Scenario Design & Gain-Scheduled Control

A tokamak discharge follows a scripted sequence of phases: current ramp-up, heating ramp, L-H transition, flat-top burn, ramp-down, and termination. Each phase has different control requirements. This tutorial covers:

  1. Defining scenario waveforms for actuator trajectories

  2. Using the ITER 15 MA baseline and NSTX-U factory scenarios

  3. Designing a feedforward + feedback controller

  4. Gain scheduling across operating regimes with bumpless transfer

Prerequisites: Real-Time Equilibrium Reconstruction & Shape Control, Fusion Engineering 101 (section 7).

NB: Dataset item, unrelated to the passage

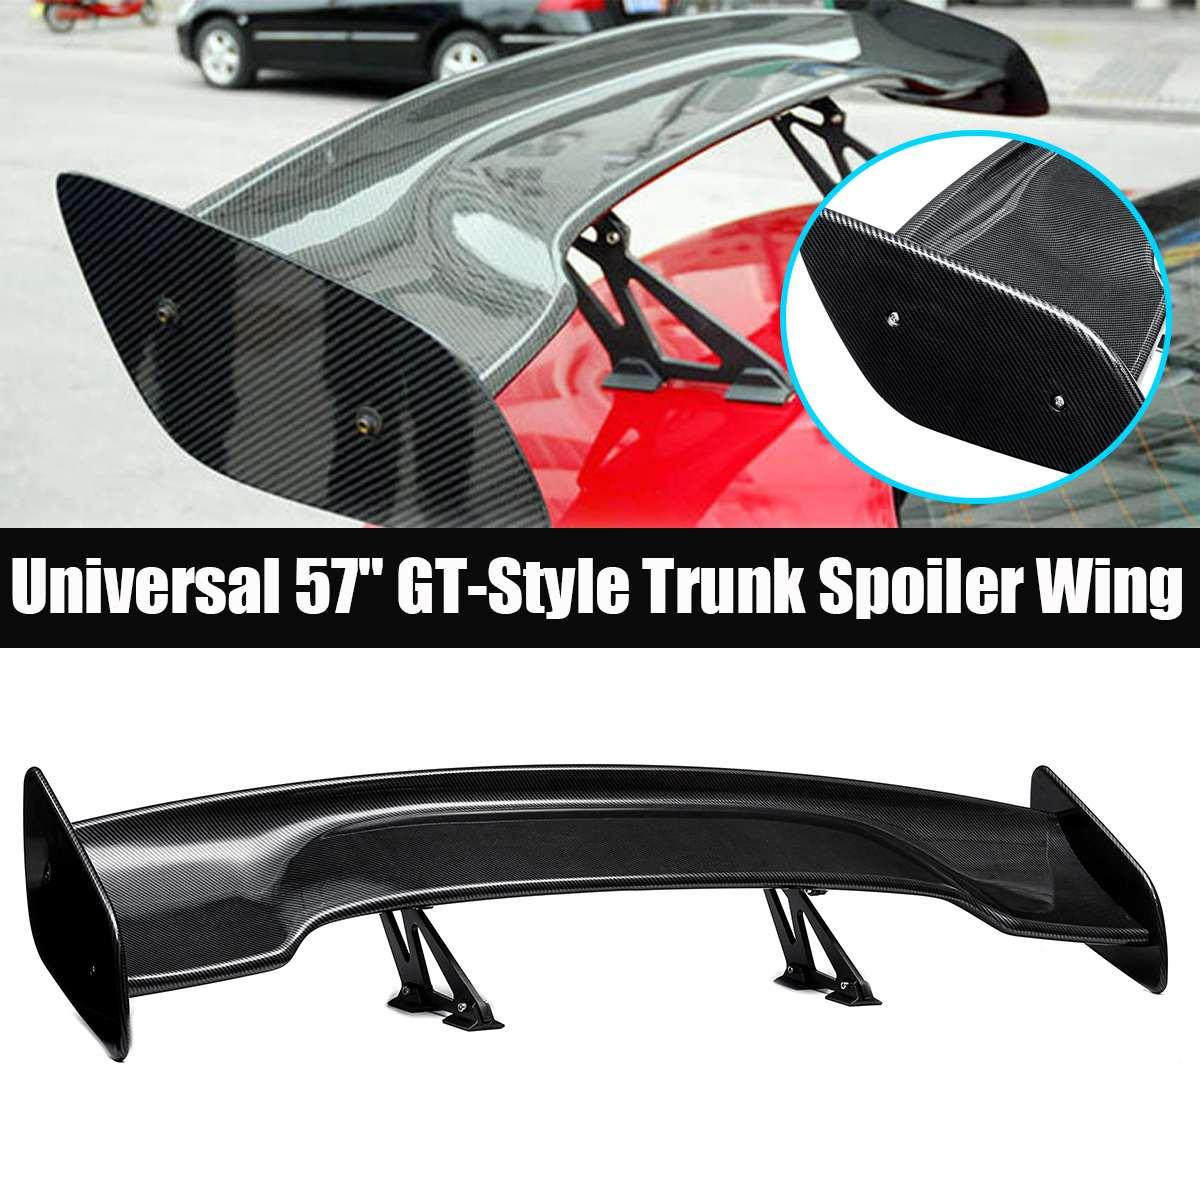 Alerón Universal del maletero trasero de la cola del coche 145cm estilo de fibra de carbono GT Wing para BMW para Mazda para Hyundai para el estilo del coche Audi

Part I: Scenario Waveforms

A scenario waveform defines how a plant parameter (plasma current, NBI power, gas fuelling rate, etc.) evolves through the discharge.

import numpy as np
from scpn_fusion.control.scenario_scheduler import (
    ScenarioWaveform,
    ScenarioSchedule,
    FeedforwardController,
    iter_15ma_baseline,
    nstx_u_1ma_standard,
)

# Custom waveform: plasma current ramp
times = np.array([0, 20, 60, 400, 450, 480])
values = np.array([0, 5, 15, 15, 5, 0])  # MA
Ip_waveform = ScenarioWaveform("Ip", times, values)

# Evaluate at any time
print(f"Ip(30 s) = {Ip_waveform(30.0):.1f} MA")
print(f"Ip(200 s) = {Ip_waveform(200.0):.1f} MA")
print(f"Ip(460 s) = {Ip_waveform(460.0):.1f} MA")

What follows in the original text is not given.